A potentiometer with atleast 4 m wire, an ammeter, a galvanometer, a voltmeter, a resistance box, a jockey, sandpaper, a one way key, a Leclanche cell, a Daniell cell, a two way key and rormectine; wires

### How To Perform Experiment

1. Draw the circuit diagram.

2. Make the connections as shown in the circuit. Be sure to remove the insulations from the ends of connecting wires with sandpaper.

3. Make sure that the negative end of the ammeter is connected with the negative terminal of the battery. The positive terminal of the battery should always be connected to the zero end of the potentiometer.

4. Always keep the key, K, open while making connections.

5. Make the resistance in the rheostat minimum by drawing current for full scale deflection of the ammeter from the battery.
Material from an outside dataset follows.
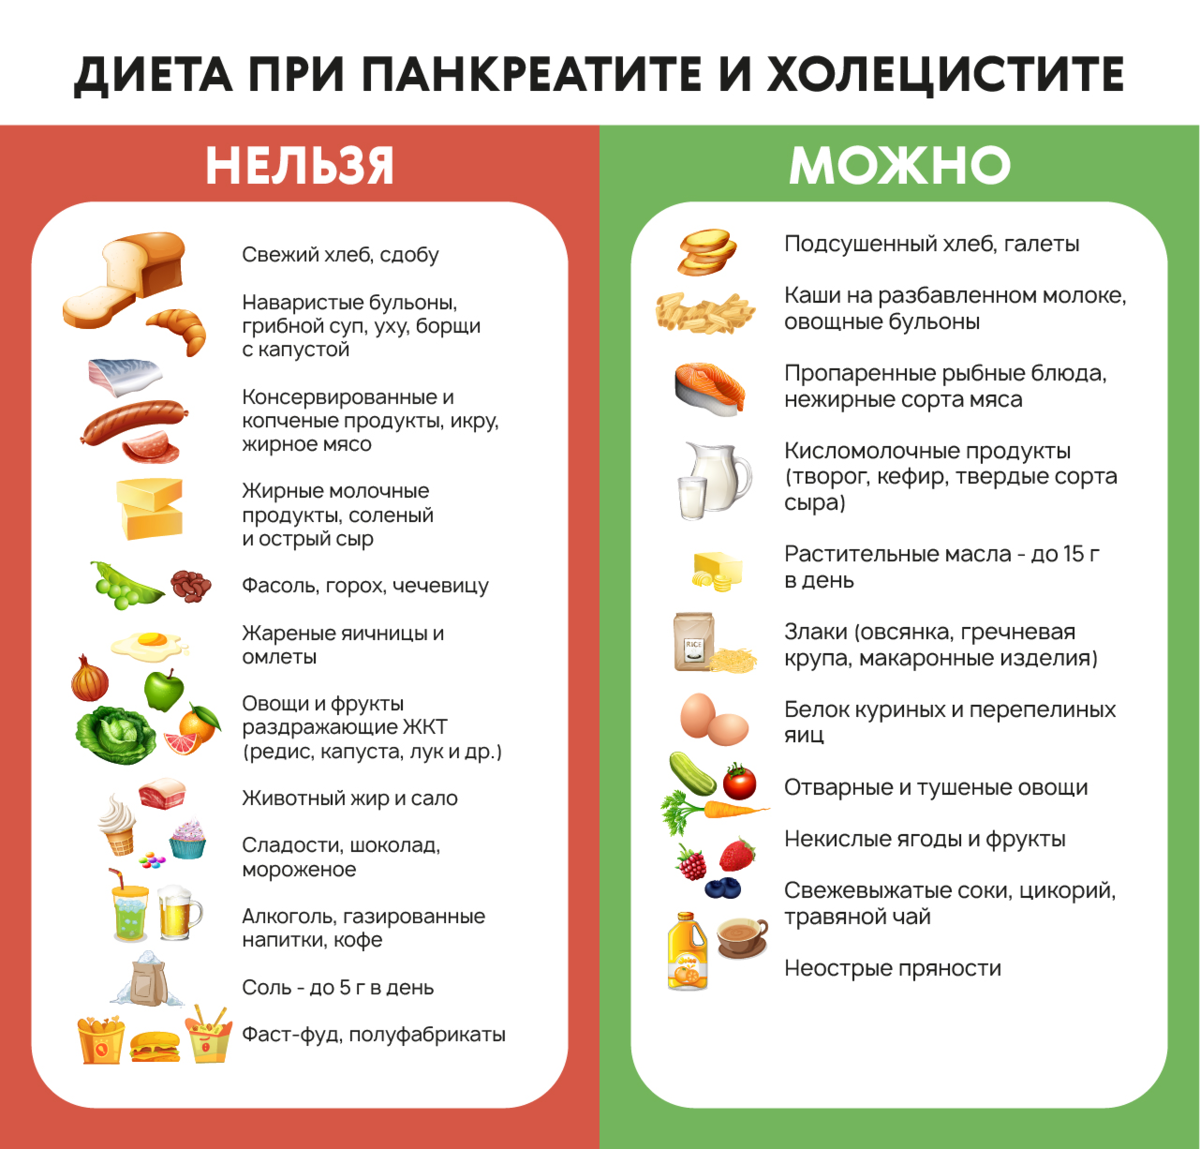 Диета при панкреатите: рецепты блюд, полезные продукты и правила приготовления

6. Close the one-way key (K) and take out a 1000 Ω plug from the resistance box for safety of the galvanometer while first searching approximate position of null point. Insert the plug between the terminals a and c to connect the cell E1, in the circuit. E1, is the Leclanche cell.
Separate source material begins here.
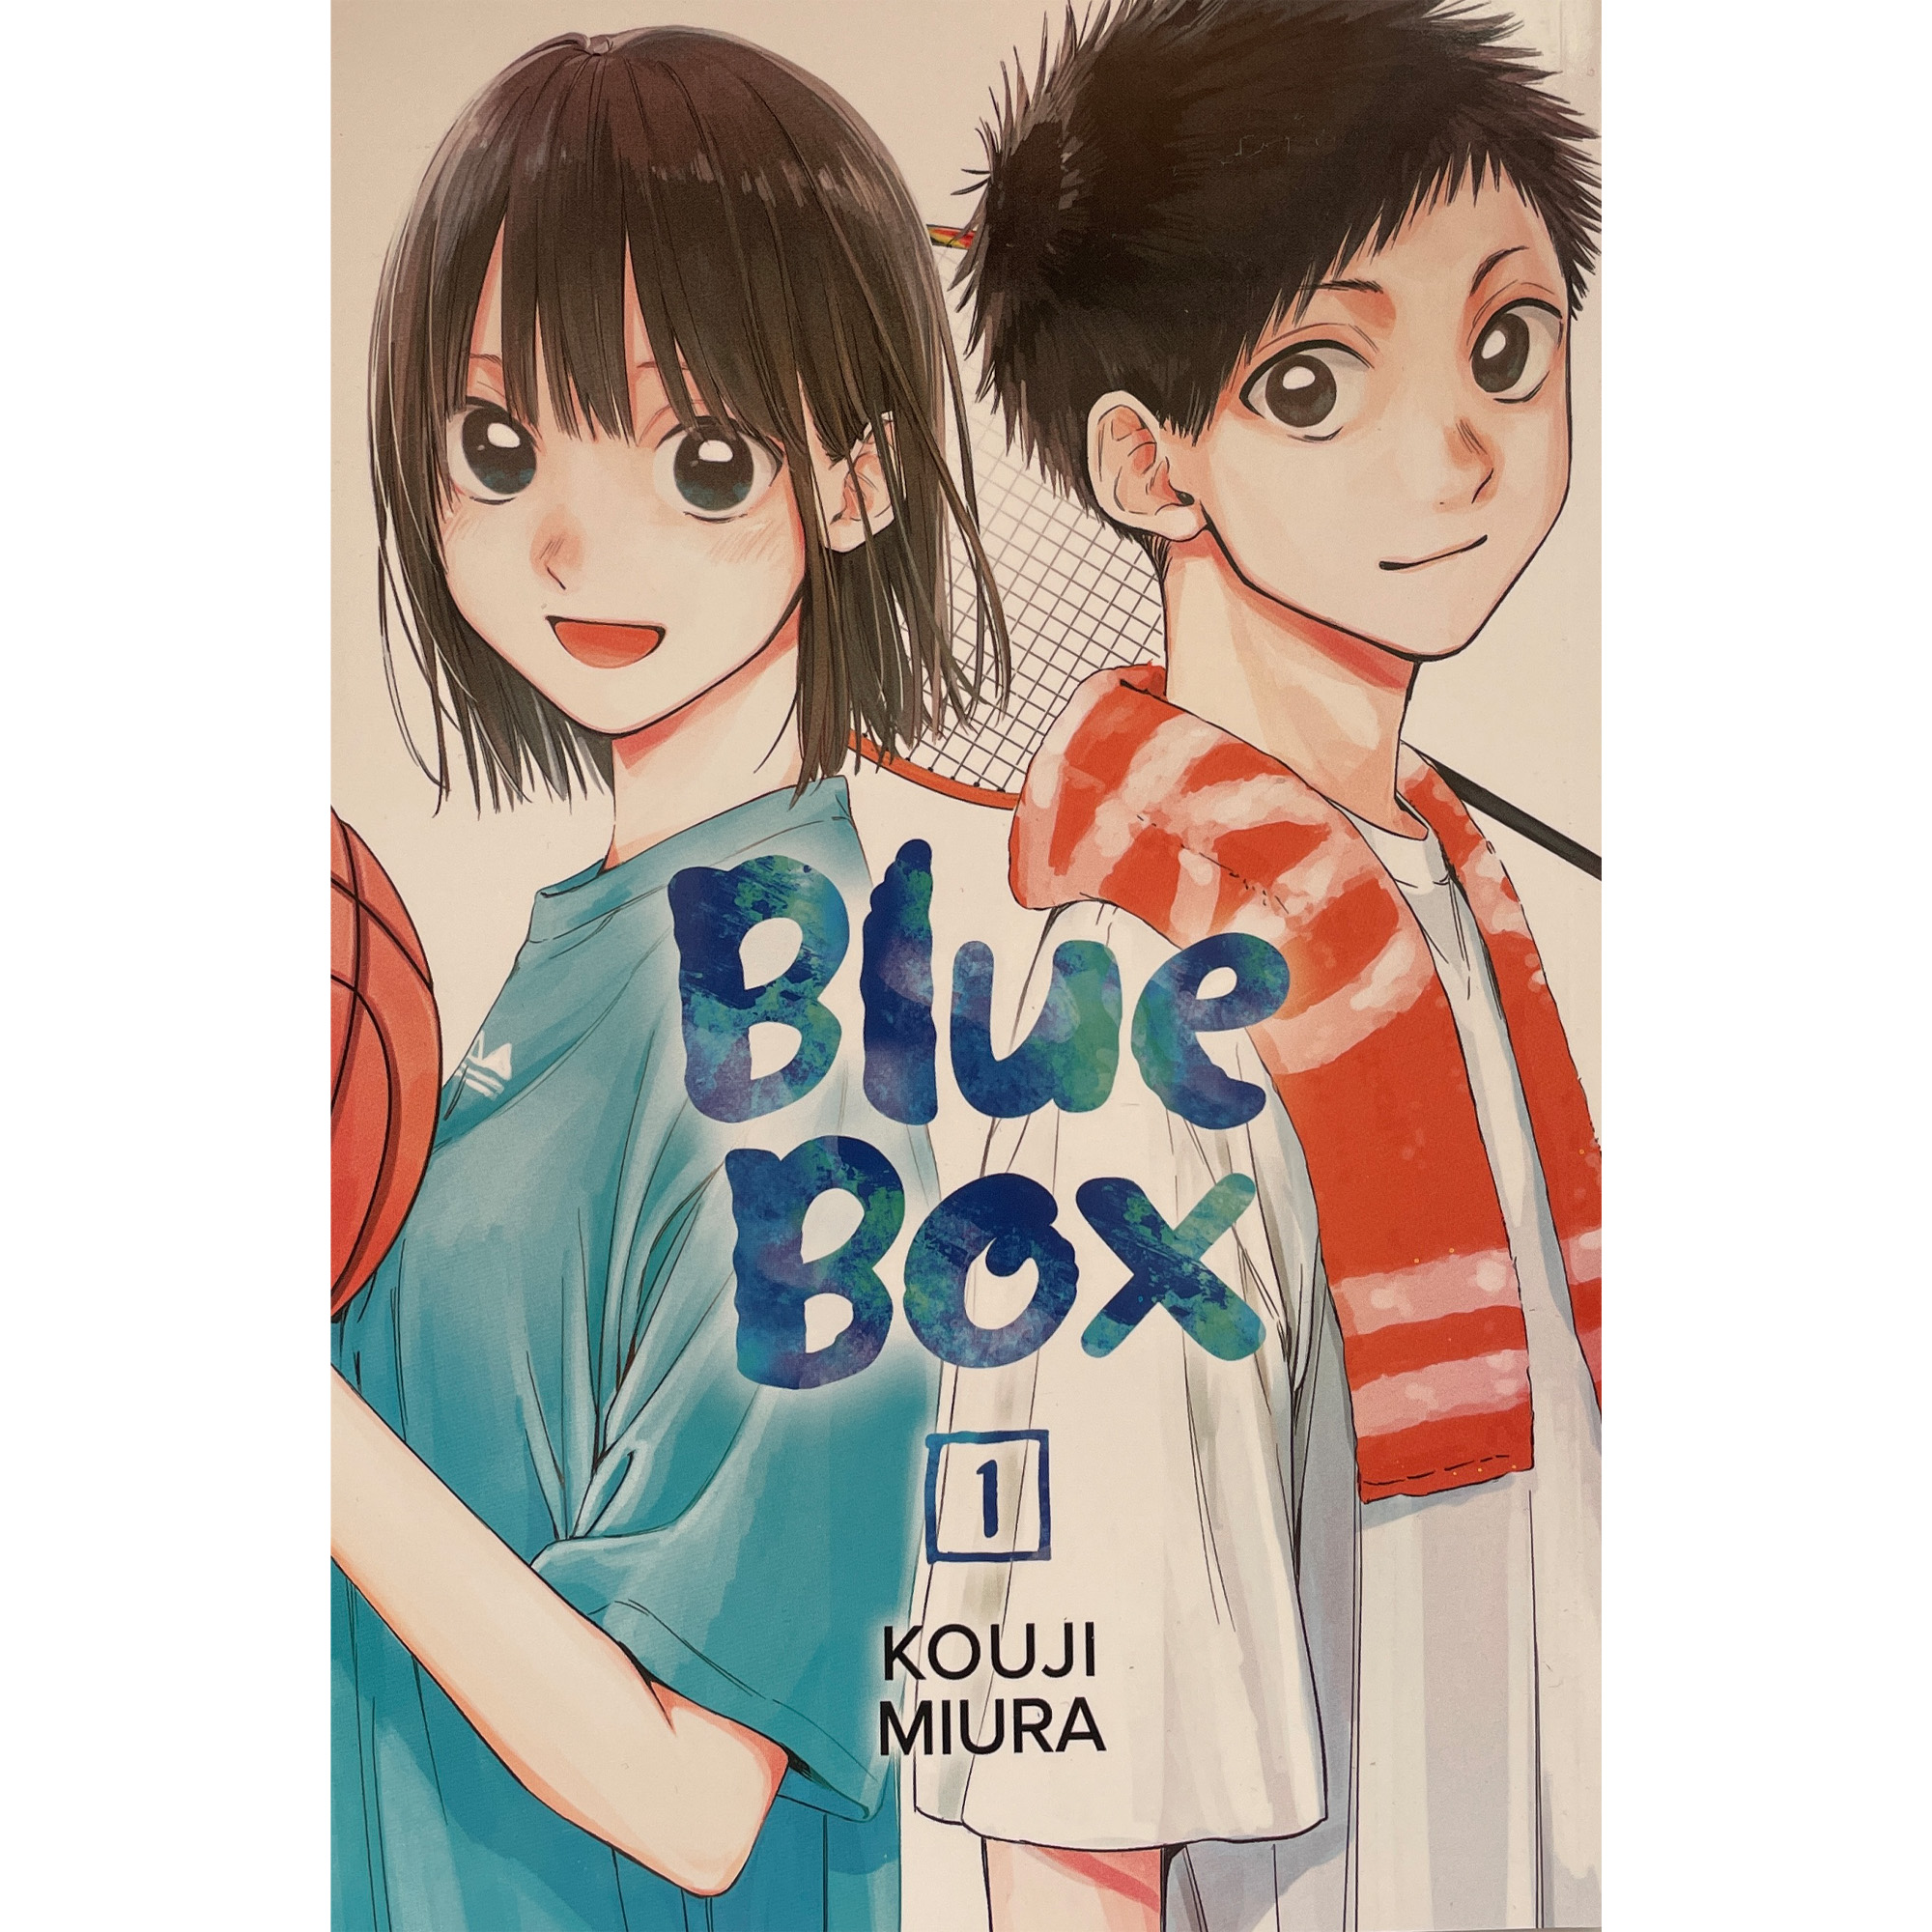 کتاب Blue Box اثر kouji miura انتشارات معیار علم جلد 1

7. Now, gently press the jockey at the zero end of the potentiometer and note the deflection in the galvanometer. Press the jockey at the other end of the potentiometer wire. If the two deflections in the galvanometer are in the opposite direction then the connections are correct. In case the two deflections are in same directions, then potential drop across the potentiometer is less than E1. Then current in potentiometer has to be increased.

8. Now, gently slide the jockey over the potentiometer wire till the galvanometer shows no deflection. This position of jockey is approximate position of null point. Put back the 1000 Ω plug in the resistance box and make fine adjustment of null point, since the galvanometer becomes more sensitive with zero resistance in the resistance box. Note this position of null point as first position and now move the jockey 5 cm beyond this position and locate the second position of this null point by sliding back the jockey and take mean of these positions as l1.
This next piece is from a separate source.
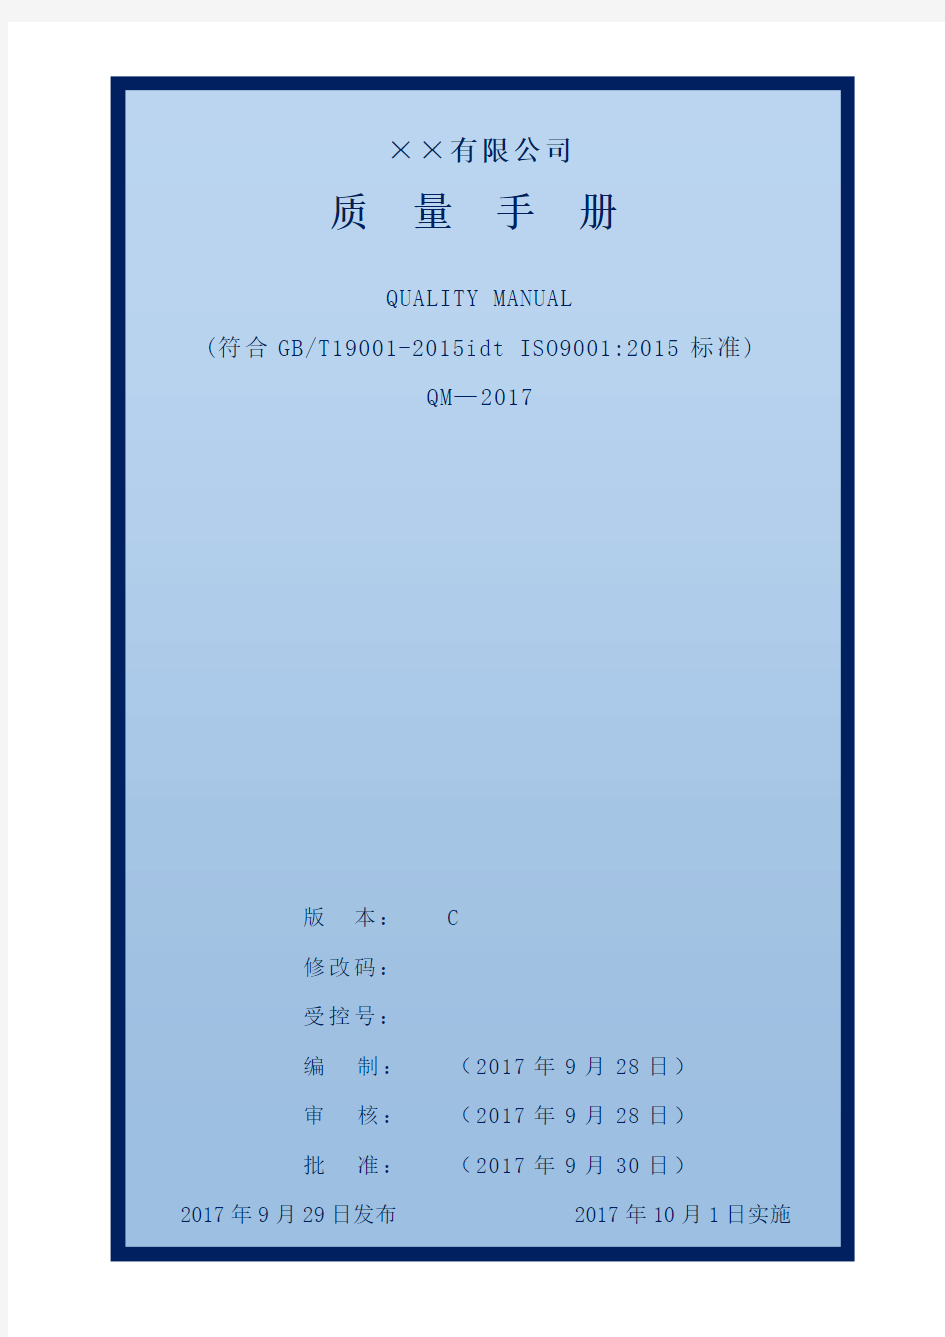 最新通用版质量手册(ISO9001-2015)参考版

9. Take down the ammeter reading and note the length l1 for the cell E1.

10. Disconnect the cell B by removing the plug from gap ac and insert the plug between gap bc to connect the cell E2 and repeat the process.

11. Obtain an accurate position of null point for the second cell E2 also by making resistance zero in the resistance box and note the length l2. Make sure that the ammeter reading remains precise) the same as that for cell E1, when you measured l1.

12. Change the current in the circuit by adjusting the rheostat and obtain at least three sets of observations similarly. If the null point for E1 in first set was on first or second wire, you must decrease the current for subsequent sets so that this null point shifts to 3rd or 4th wire.

### Sources of Error

1. The potentiometer wire may not be of uniform cross-section throughout its length.
2. The e.m.f. of the auxiliary battery may not be constant during the experiment.
3. Contact resistances at the ends of the wires of potentiometer may not be negligible due to rusting and a considerable amount of voltage may drop across them.